Avignon 2024

•Off 2024• "Le journal d'une femme de chambre" Quand une "seule en scène" redore et condense joliment l'ouvrage initial

Le 14 septembre 1898, Célestine R., jeune femme de chambre, prend sa nouvelle place de domestique, au Mesnyl-Roy en Normandie, dans une famille bourgeoise et décide de tenir son journal en se promettant de n'employer aucune réticence, pas plus vis-à-vis d'elle que des autres, notamment ses employeurs.



© Philippe Hanula.
Observant ses maîtres par le petit trou de la serrure, fouillant dans le linge sale, elle nous dévoile, derrière le masque de respectabilité de tout ce petit monde, un profond cloaque empli de bassesses et de laideur morale, de misère affective et sexuelle, de vilenies, mesquineries, cruautés, fourberies, tant des maîtres que des serviteurs, de turpitudes sociales et politiques, de perversions et dépravations en tous genres et autres ignominies.

Entreprise de démolition et de démystification, ce roman nous révèle l'envers du décor et nous amène à faire nôtre le constat vengeur de Célestine : "Si infâmes que soient les canailles, ils ne le sont jamais autant que les honnêtes gens".

Certes, le résumé ci-dessus est une parfaite vitrine de ce célèbre roman écrit par Octave Mirbeau et publié en 1900. Pourtant, le choix de Patrick Valette, metteur en scène, auteur et directeur de la Compagnie l'Escabotée, s'est porté exclusivement sur le prisme particulier de l'identité féminine incarnée dans le roman par Célestine, cette employée de maison battante, lucide face aux choses de sa vie et profondément sensible.

© Philippe Hanula.
Pas de circonstances atténuantes pour la gent masculine dans cette adaptation, mais un très bel hommage à la femme, à ses combats opiniâtres, ses abnégations, ses sacrifices.

Comment ne pas avoir cerné, à ce point, le combat de cette femme lors de nos études universitaires en littérature comparée et comment être passée à côté de ce qui constitue de toute évidence la substantifique moelle du roman : le cri d'une femme engluée dans un ordre social dévastateur dont les rêves et l'amour permettent de tenir debout et de se battre ! Une chambrière, le double de Mirbeau s'il en est, à travers laquelle le romancier va réaliser l'objectif qu'il s'était fixé dès 1877 : obliger la société "à regarder Méduse en face" et à "prendre horreur d'elle-même".

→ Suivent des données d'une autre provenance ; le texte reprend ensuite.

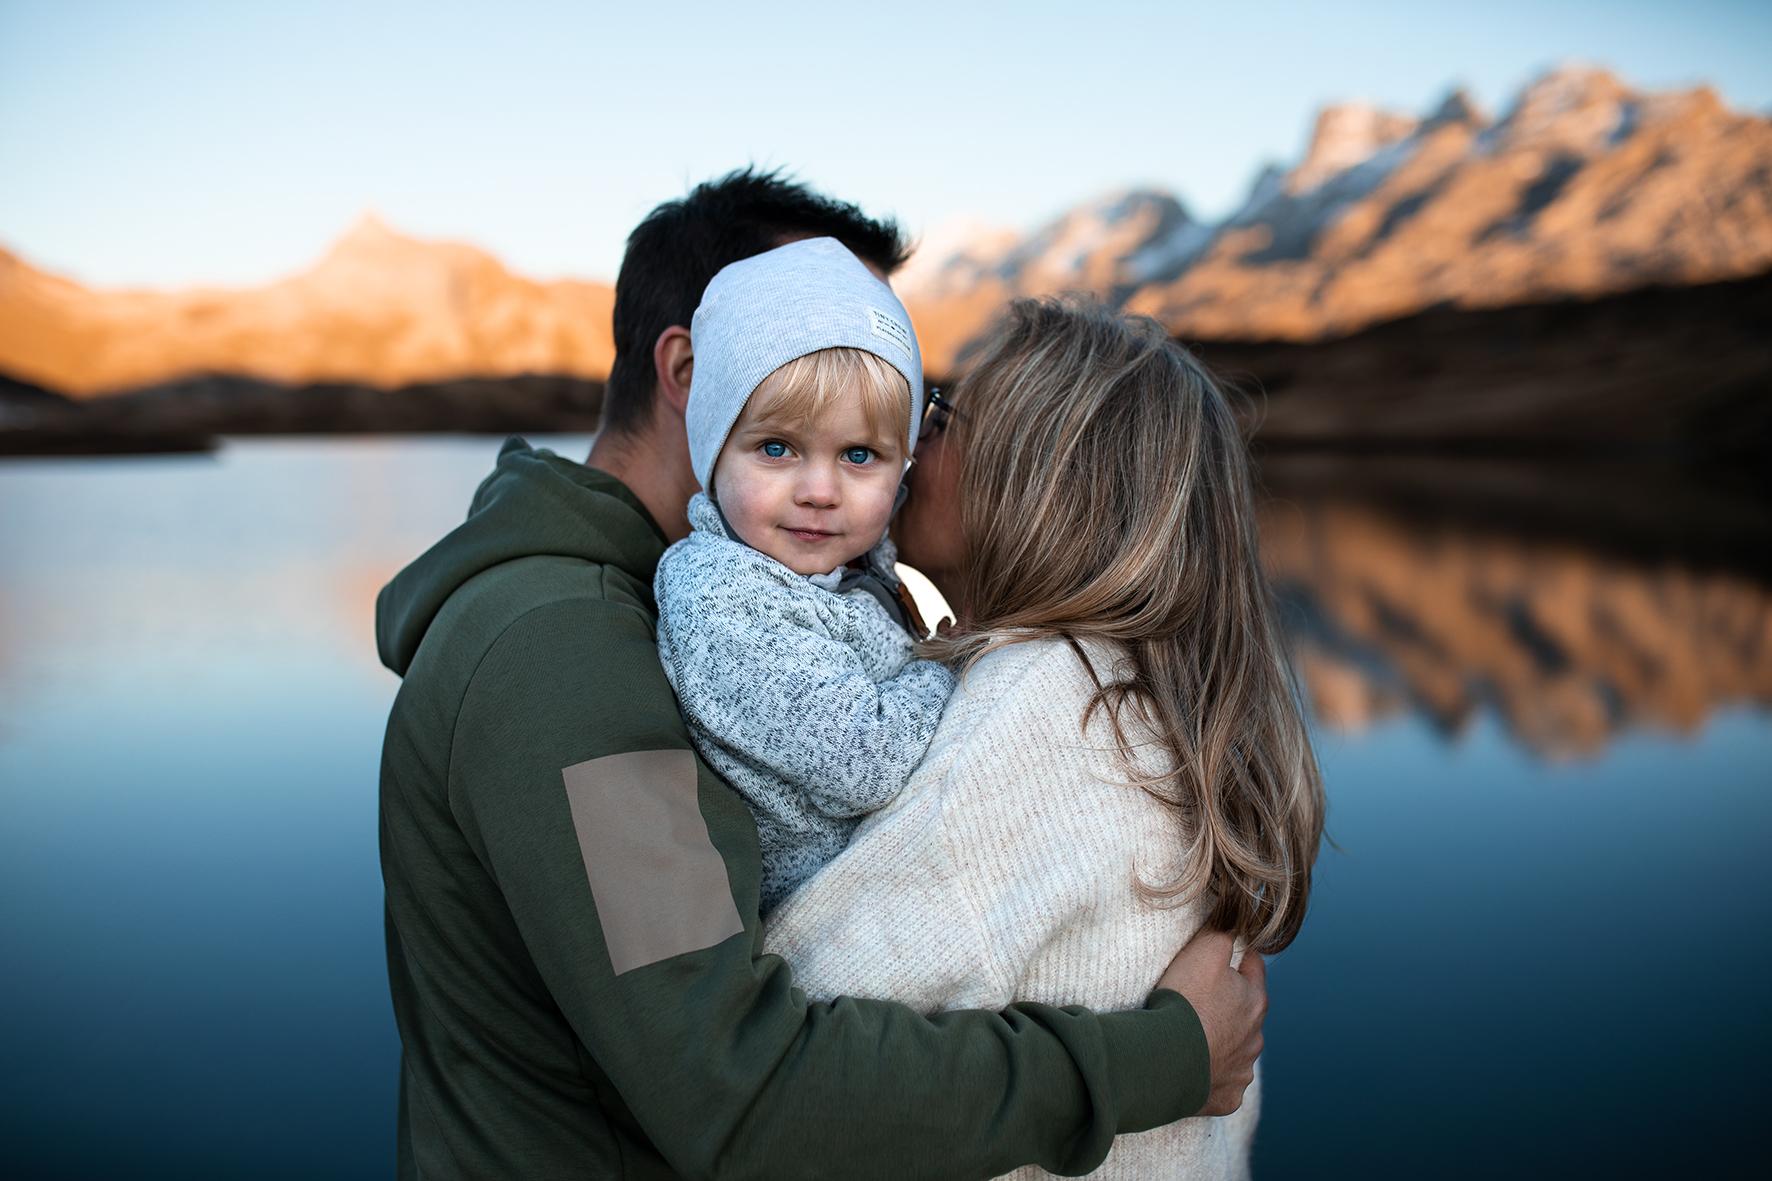 Familienshooting_Familienfotografie_Luzern_Schweiz_21

Quel magnifique travail d'adaptation réalisé là par Patrick Valette. On se dit qu'il a dû être considérable. Mais une adaptation pour le théâtre n'est rien bien entendu, aussi brillante soit-elle, tant qu'elle n'est pas incarnée par les comédiens et les comédiennes…

© Philippe Hanula.
Ici, de comédienne, il n'y en a qu'une sur scène, Dorothée Hardy, formidablement convaincante dans son rôle de femme, proie de la laideur morale du bourgeois et plus globalement de l'humanité toute entière, esclave de la domesticité et du regard des mâles. Il est fort probable qu'Octave Mirbeau serait fier de cette pièce à voir ainsi évoluer ainsi son personnage dans la misère affective et sexuelle.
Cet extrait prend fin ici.